In the wake of last Wednesday’s final presidential debate both camps concede their campaigns are hostage to unexpected events. Kerry and Bush are neck and neck. In addition to terrorist efforts to disrupt the U. S. election gratuitous or fortuitous developments could play a pivotal role. One of these "bombshell" events, the "Mississippi Mutiny," may have just exploded in Iraq–and at the Pentagon.
First, an admission and short introduction. As a columnist who writes about the war in Iraq, events in the Middle East, and national developments, my desk is cluttered with story ideas. I can’t use all of them.
Last year in Baghdad I started to write a column in my mind. I titled it "The Ticking Time Bomb in Iraq." I outlined how our reserve/National Guard forces in the field could create a political time bomb at home.
Also last year I was asked by the Special Forces Association to help a Marine who, after being mobilized for Iraq, was attacked by his former wife. I was successful in persuading the Pennsylvania Supreme Court to order his children returned to their home, even in their father’s absence. I then faced a second custody battle for my client. (I do not practice law but as a law professor the court gave me permission to act in these special circumstances.)
I also helped found First Responders for Military Families, where I assisted military lawyers, civilian attorneys and family members whose lives were being affected by the Iraq mobilization.
My volunteer experience convinced me a protracted mobilization could disrupt hundreds of thousands of reservists’ lives at home. Voters’ lives. Unlike regular Army troops, reservists have signed up to be on reserve for a genuine emergency, not to become front line military units.

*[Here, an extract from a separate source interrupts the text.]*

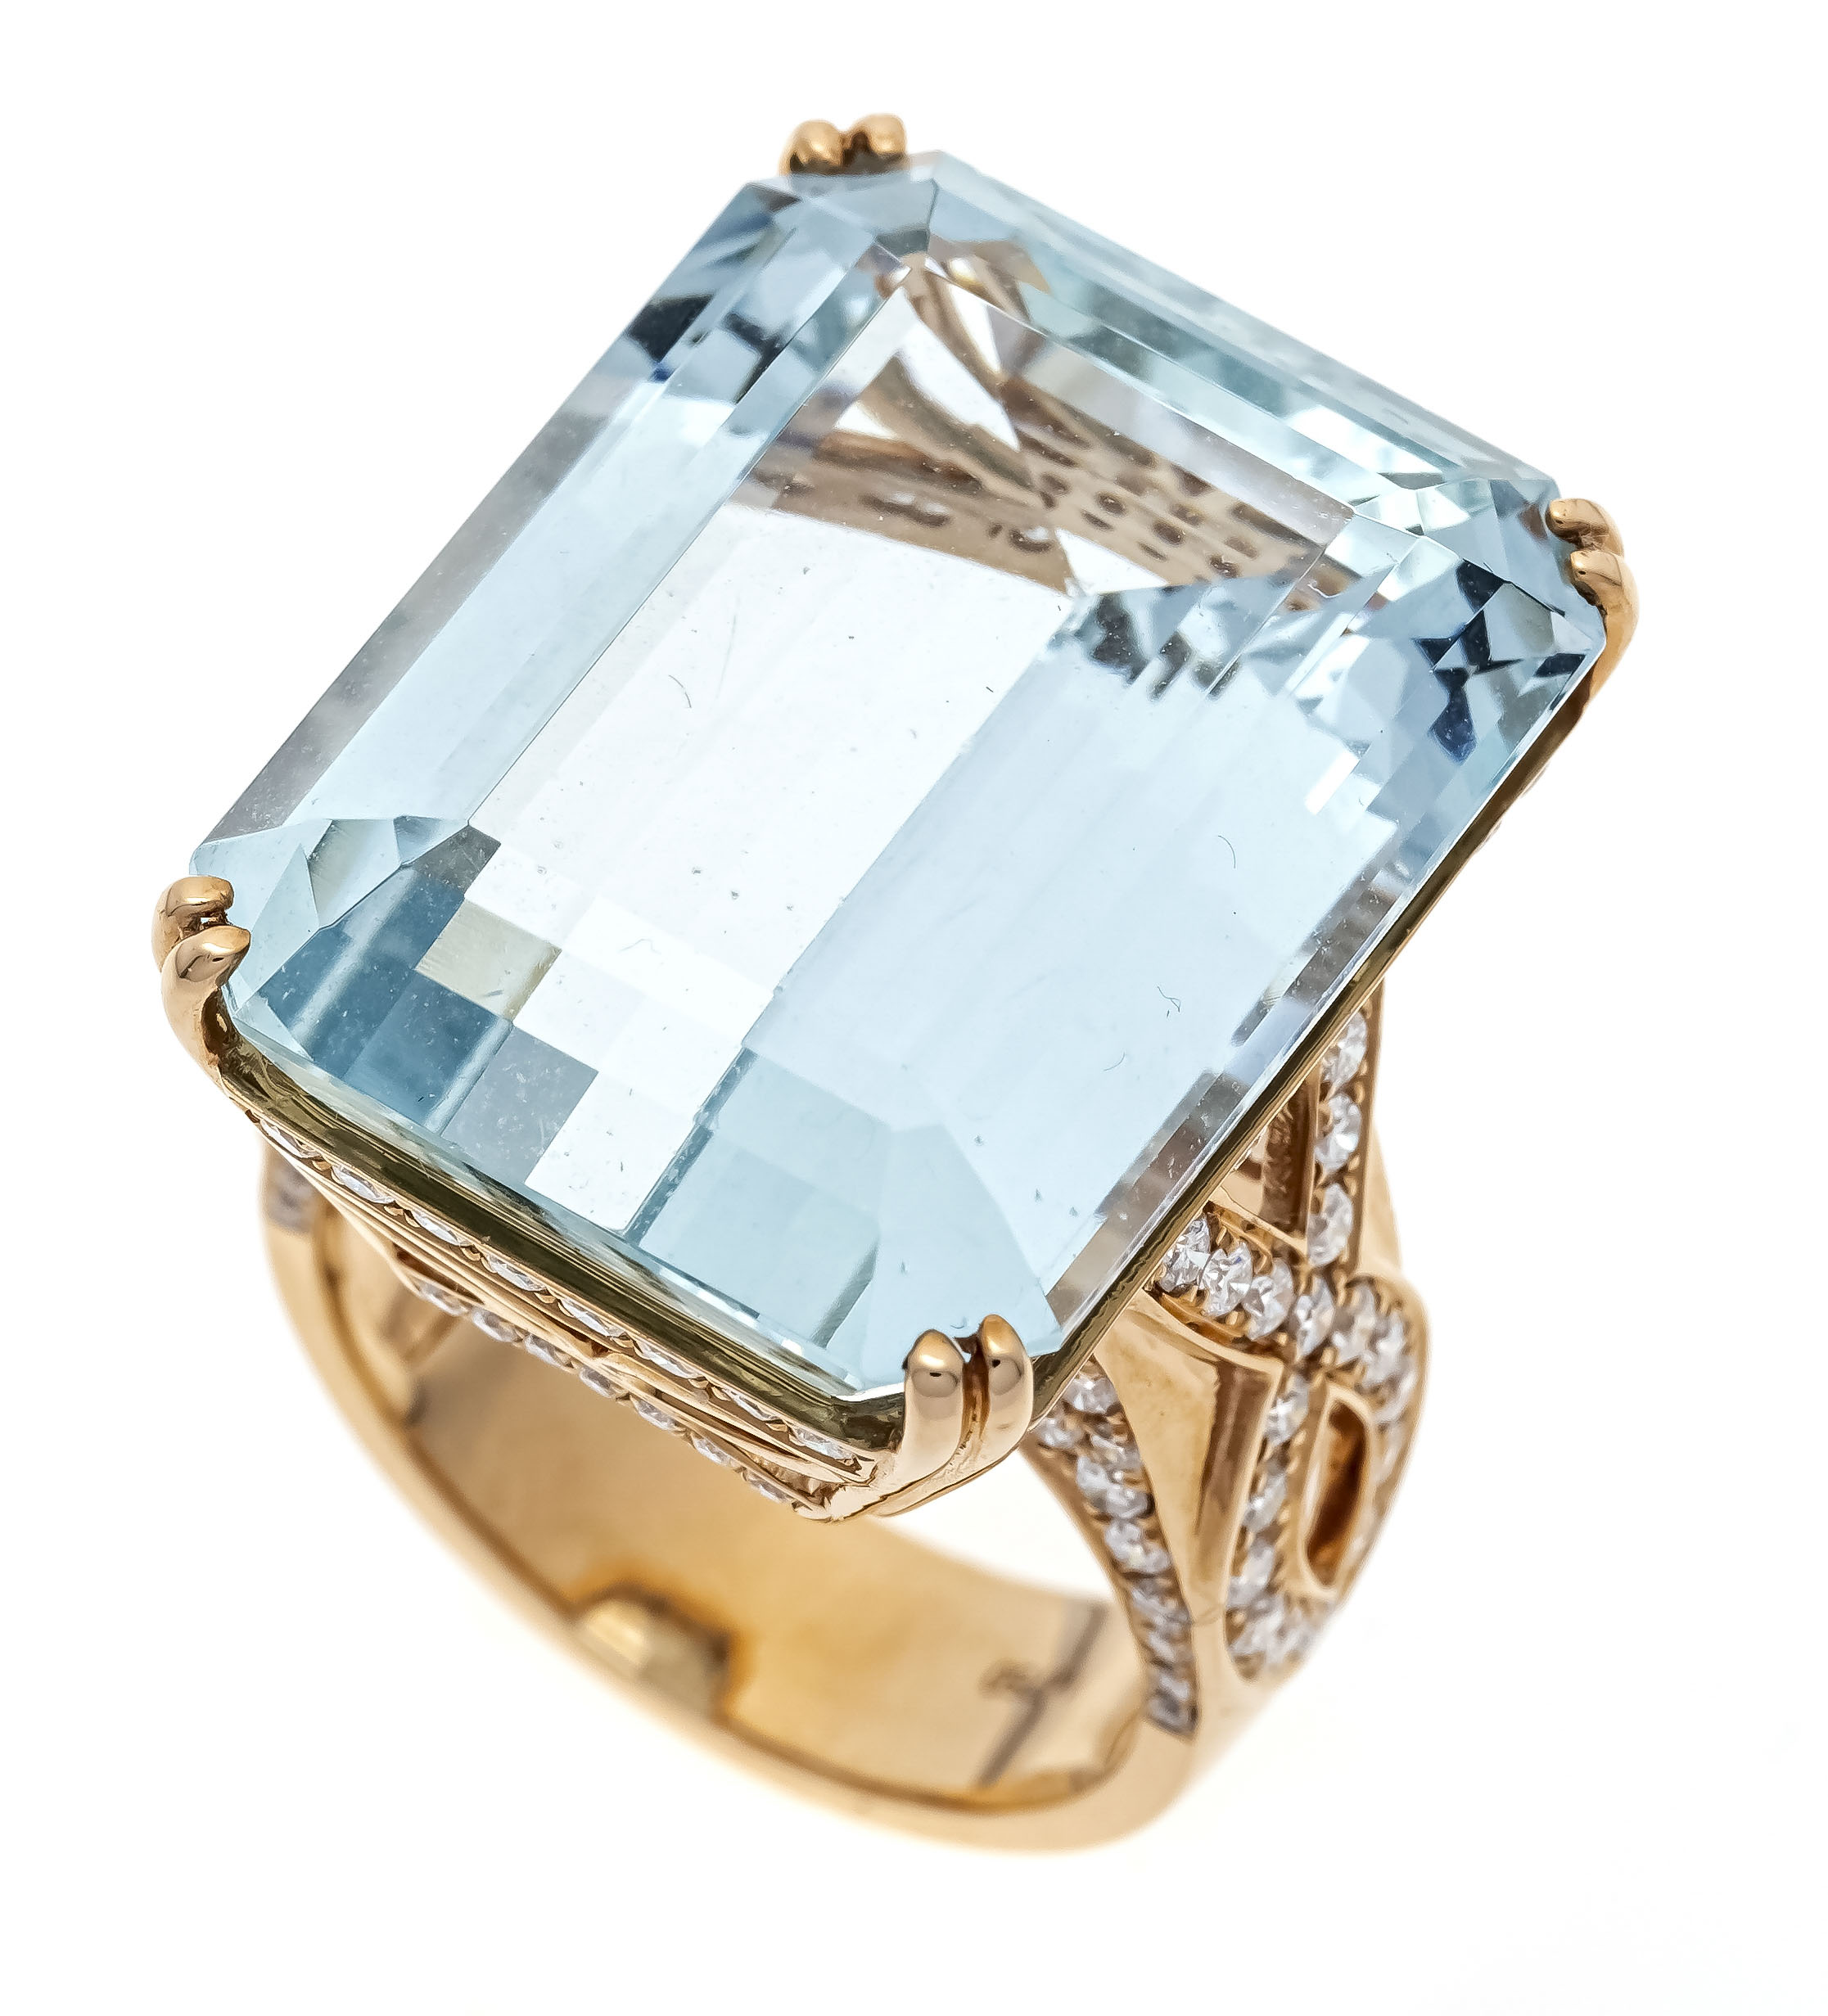 Aquamarine-brilliant ring RG 750/000 with an emerald-cut excellent aquamarine 31.15 ct in very
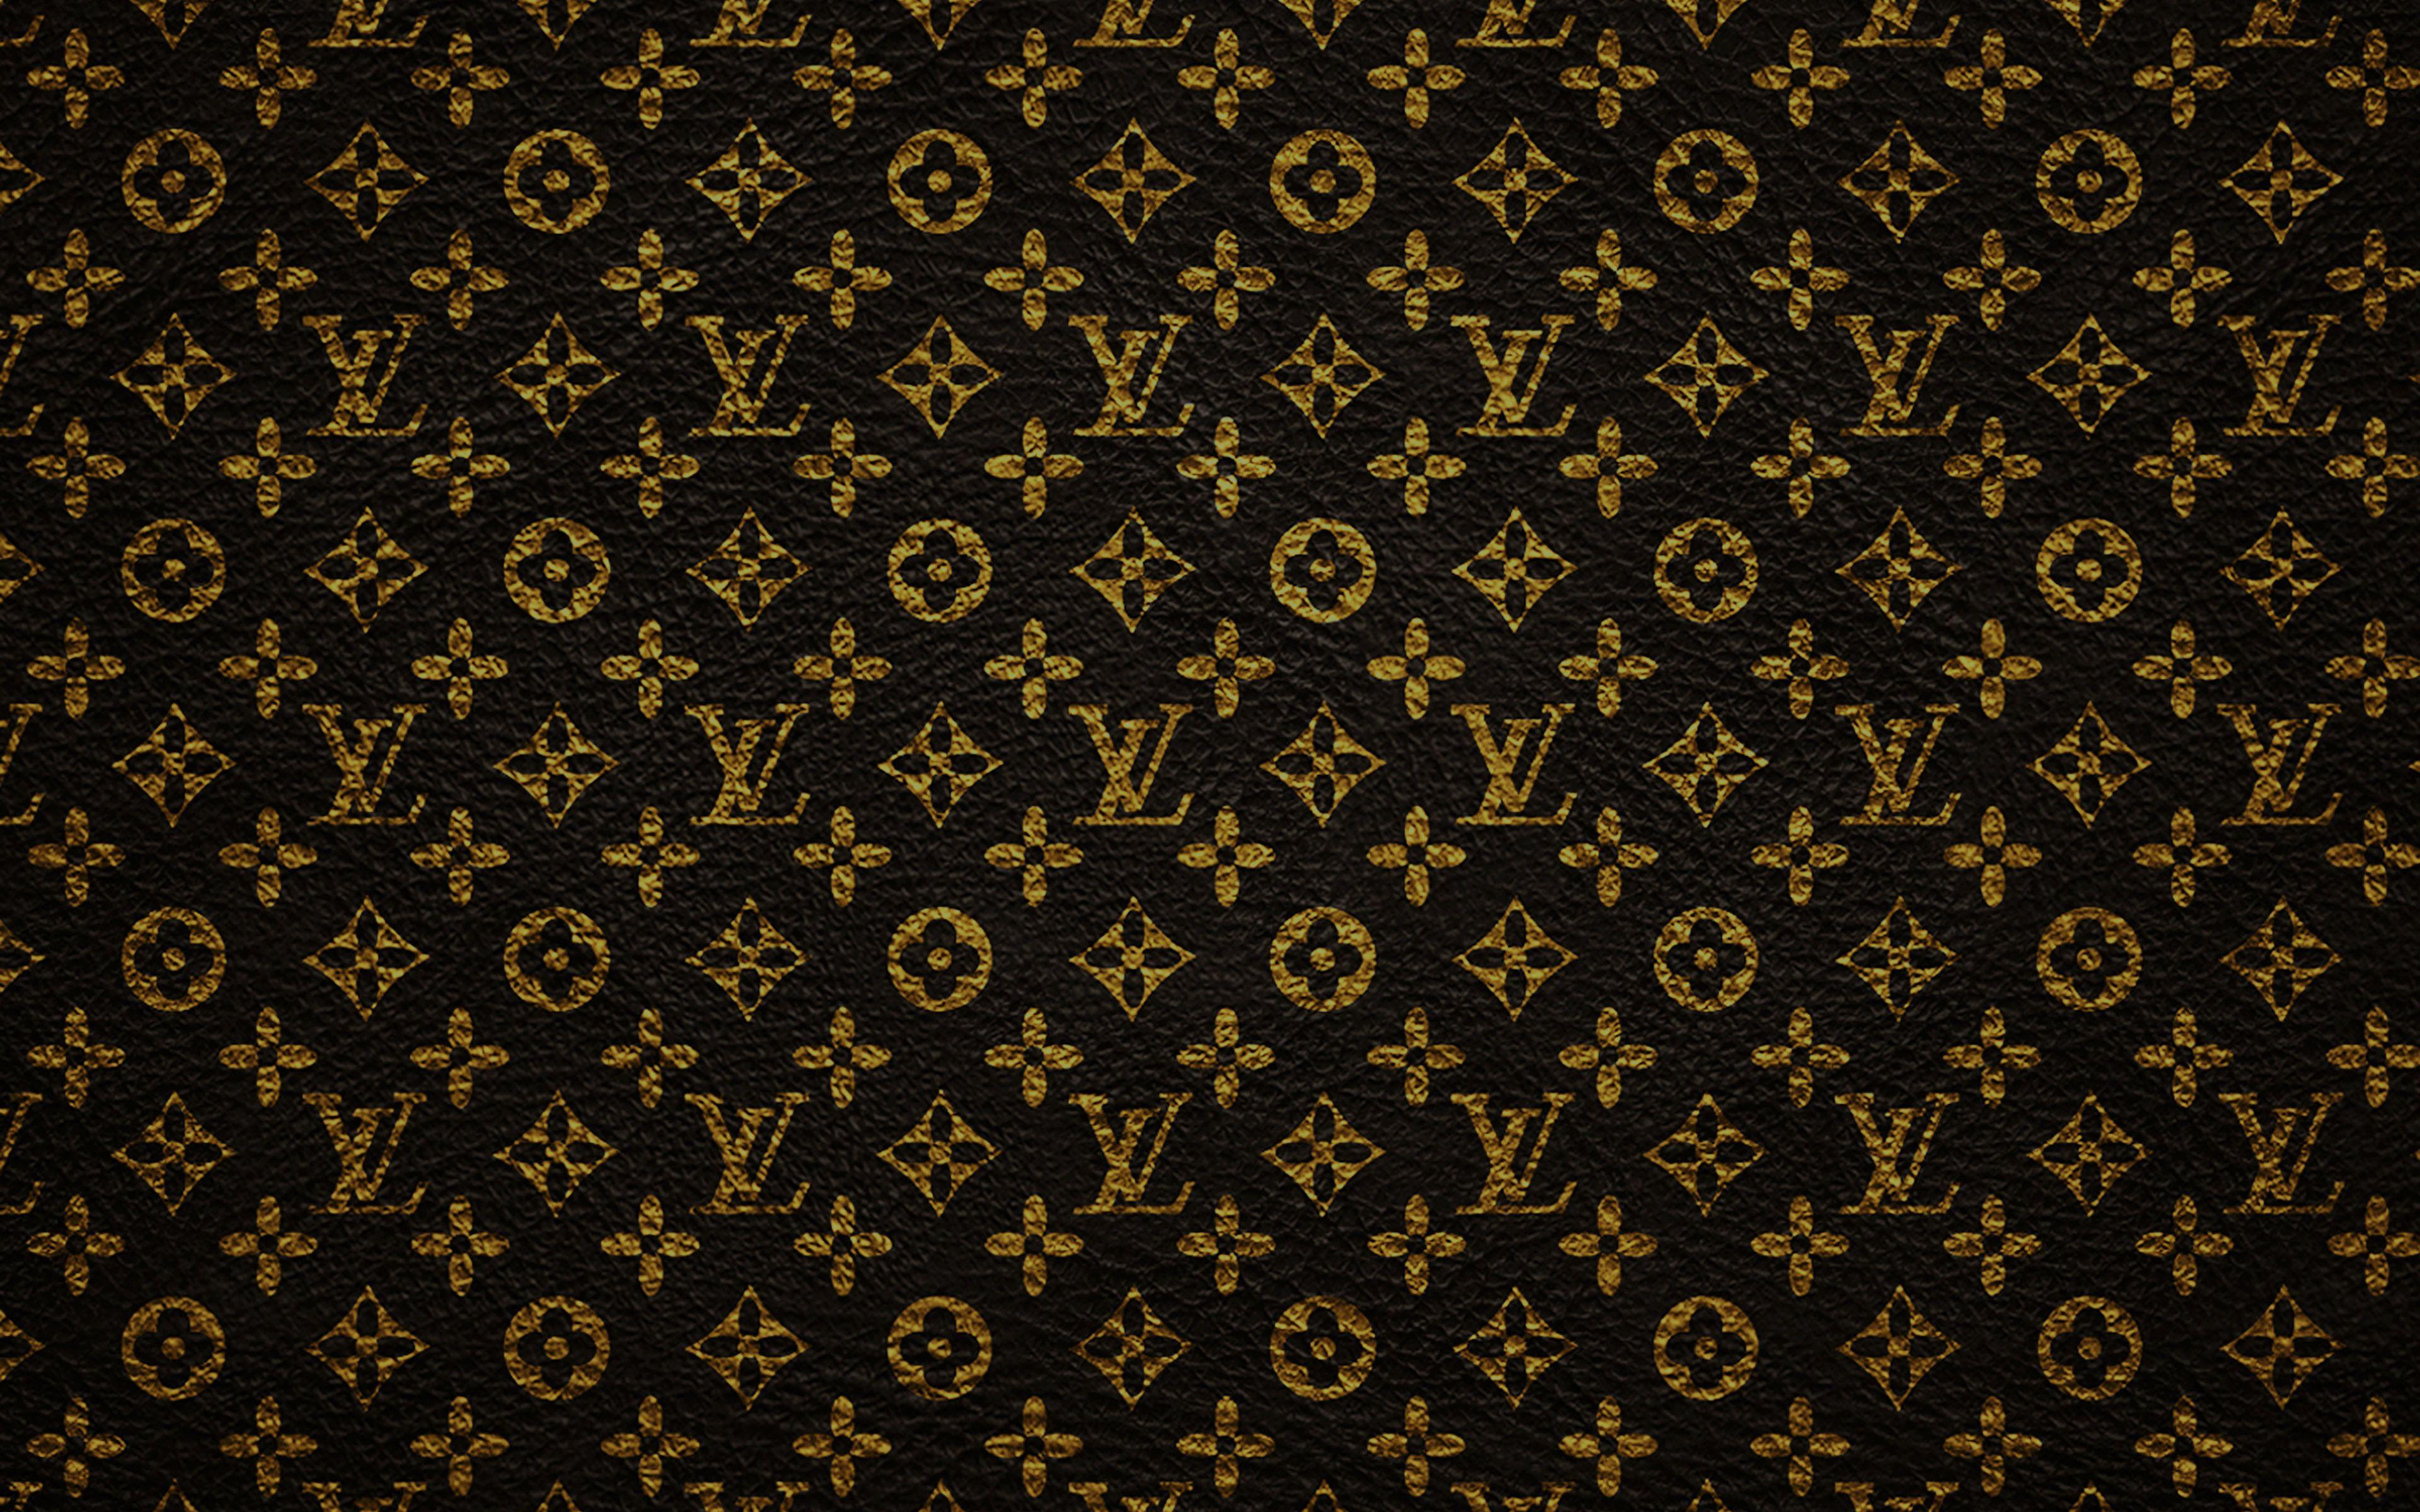 Hình nền Louis Vuitton vàng: Bạn đang tìm kiếm một hình nền đẹp cho màn hình điện thoại hay máy tính của mình? Màu vàng sang trọng của Louis Vuitton chắc chắn sẽ là một lựa chọn hoàn hảo cho bạn. Bộ sưu tập này với chất liệu vải cao cấp và thiết kế tinh tế sẽ giúp bạn tạo nên một phong cách đậm chất sang trọng.

Although I was never able to finish the column–being in Baghdad floods you with story ideas, more than you can ever prepare–I kept the outline in the back of my mind and watched as conditions for our reserves steadily deteriorated.
Now it’s time for my long-delayed column. And it’s crunch time for President Bush.
Nothing could be worse for the president than a military mutiny in Iraq just days before the election. Once again, events confound us. Bush was expecting an "October surprise" from al-Zarqawi and Bin laden. He got one from soldiers in Mississippi and the southeast.
American units do not "mutiny." They are well trained, well cared for, highly motivated and loyal to "country, corps and commandant," as Marine Sergeant Major McClintock told me in Viet-Nam. But reservists are slightly different. Reserve/Guard units are truly our neighbors: police and fire fighters working a second job, motivated people in specialized units, ordinary citizens–and voters. Main Street, Middle American types. You can hardly get "more pro-military" than Mississippi.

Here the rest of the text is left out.